The new British Conservative government has launched an ultra-conservative political agenda that could unravel the peace process in six counties in Ireland's north still claimed by Britain.
Tory plans include scrapping the 1998 Human Rights Act, which underpins a key aspect of the 1998 Good Friday Agreement. The GFA peace deal included a measure that Britain integrate the European Convention of Human Rights into law in the six counties, a process included in the Human Rights Act.
The GFA was meant to ensure that European standards on human rights would apply to the north of Ireland. Since 1998, all legislation created by the Stormont Assembly must comply with European law.
Irish nationalists in the six counties have warned the move could spell “chaos” for the north of Ireland and have a deep impact on the Stormont set-up. Social Democratic and Labour Party justice spokesperson Alban Maginness expressed concern that pro-British unionists might seek to exploit the removal of the act to push laws to defend sectarian parades.
The Committee for the Administration of Justice and Amnesty International have warned against the move. The CAJ said it would shatter confidence over policing reform.

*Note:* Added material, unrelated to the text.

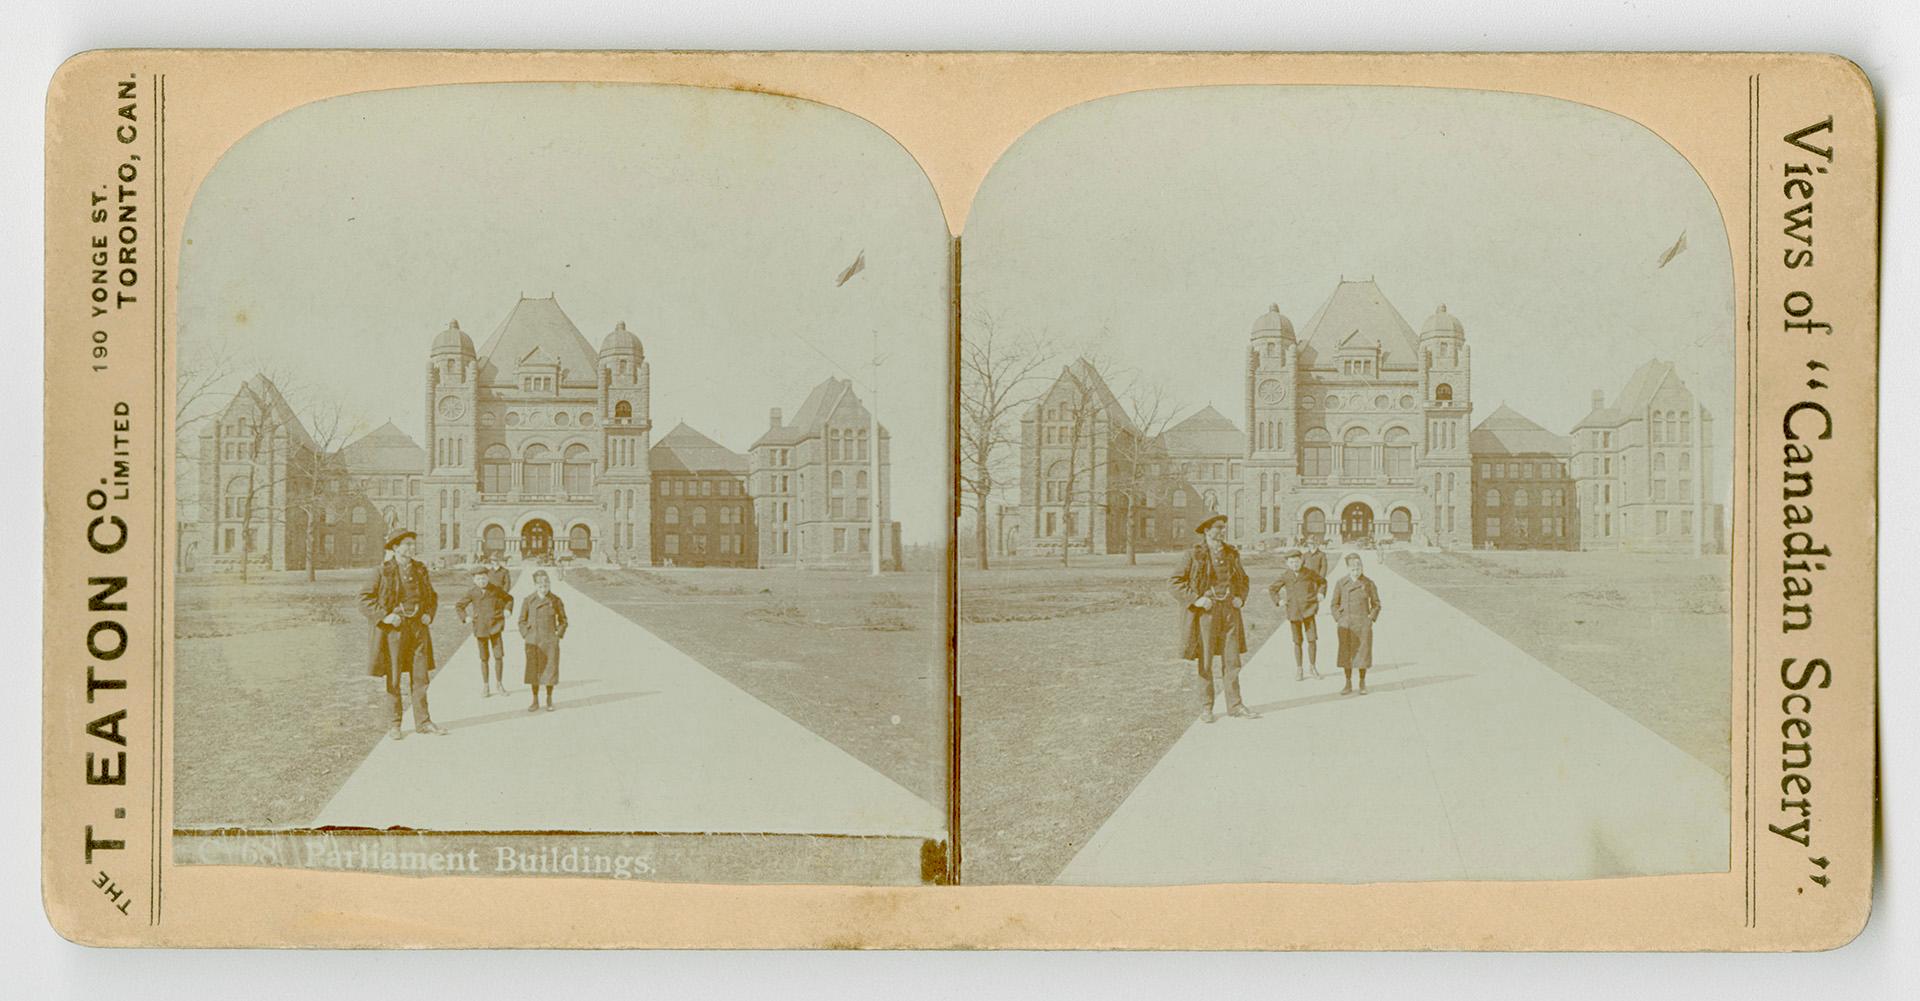 Pictures show three people standing on a path in front a huge Ricardsonian Romanesque building.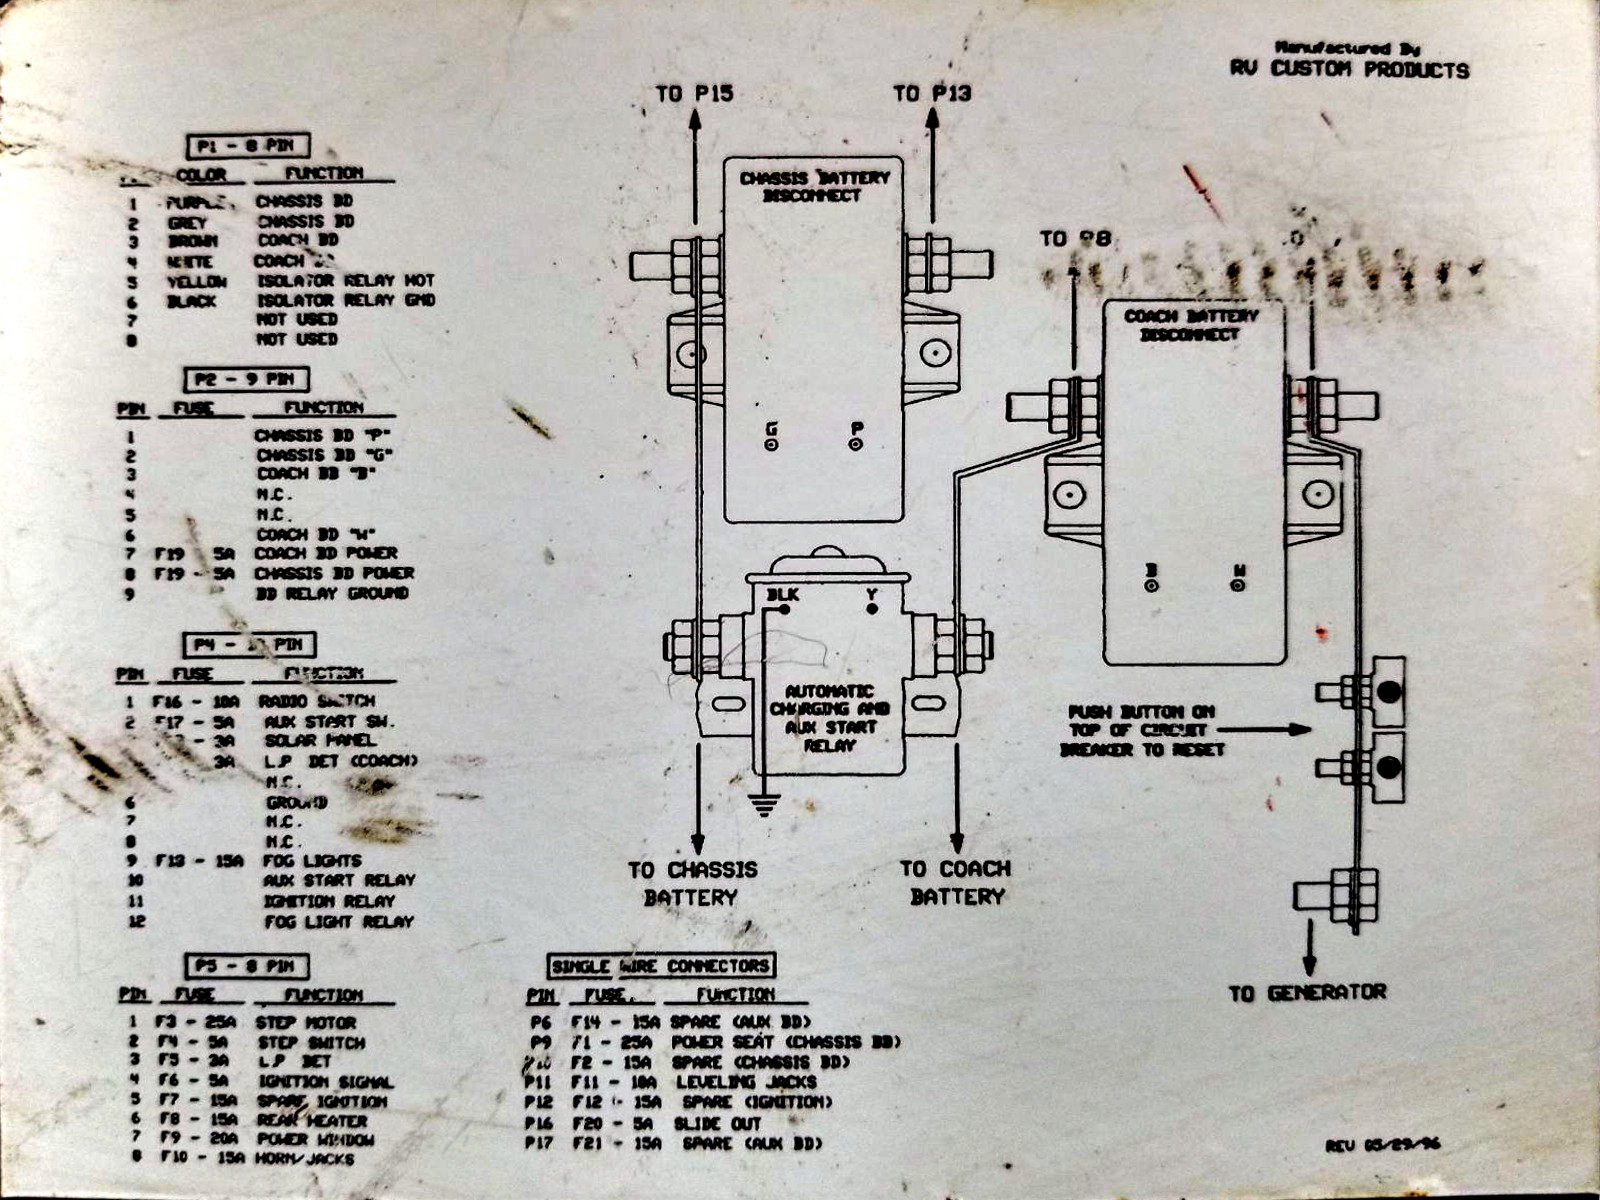 1998 Pace Arrow house batteries - iRV2 Forums  Fleetwood Pace Arrow Refridgerator Wiring Diagrams Pdf Free Download    iRV2 Forums

“The European [convention on human rights] is absolutely vital in the day-to-day governance of Northern Ireland - to withdraw from it would be a colossal blow to the peace process,” said CAJ director Brian Gormally said.
Sinn Fein’s Gerry Adams called it a “scandalous attack” on the peace deal. He said repealing the act would be a “grievous breach” of the GFA and would have “enormous” implications for the administration of government, justice, policing, and equality.